The daily chart shows that the Market Vectors Gold Trust (GDX) has rebounded back to former support, now resistance at the October lows, line d.
- The 20-day EMA is at $22.22 with the daily starc+ band at $21.60.
- There are likely many stops under the January 9 low of $21.26.
- A pullback in GDX could violate this level with more important support now at $20.50 area.
- The daily OBV is much stronger on GDX then it is on GLD as it has convincingly broken its downtrend, line g.
- The OBV moved above its WMA at the end of 2013 and is now well above its rising WMA.

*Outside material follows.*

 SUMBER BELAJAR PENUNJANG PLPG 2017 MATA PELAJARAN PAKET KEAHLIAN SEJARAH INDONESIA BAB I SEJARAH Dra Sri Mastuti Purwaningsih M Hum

- Typically it would take three-five days for the OBV to drop back to its WMA.
What It Means: At the end of November, I still thought it was too early to buy either gold or the miners as I felt another new low was needed before a bottom could form. The technical outlook has now clearly improved so the next correction in both the SPDR Gold Trust (GLD) and Market Vectors Gold Trust (GDX) will need to be watched closely.
Gold is up sharply in early trading and on a strong close this week we will probably need to wait for a correction to come from higher levels. Once we see a weekly close below the prior week’s lows it will indicate that a correction is underway. The miners are preferred based on the better looking weekly chart and the stronger daily OBV.
How to Profit: For the Market Vectors Gold Trust (GDX), go 50% long at $22.28 and 50% long at $21.52, with a stop at $20.43 (risk of approx. 6.7%).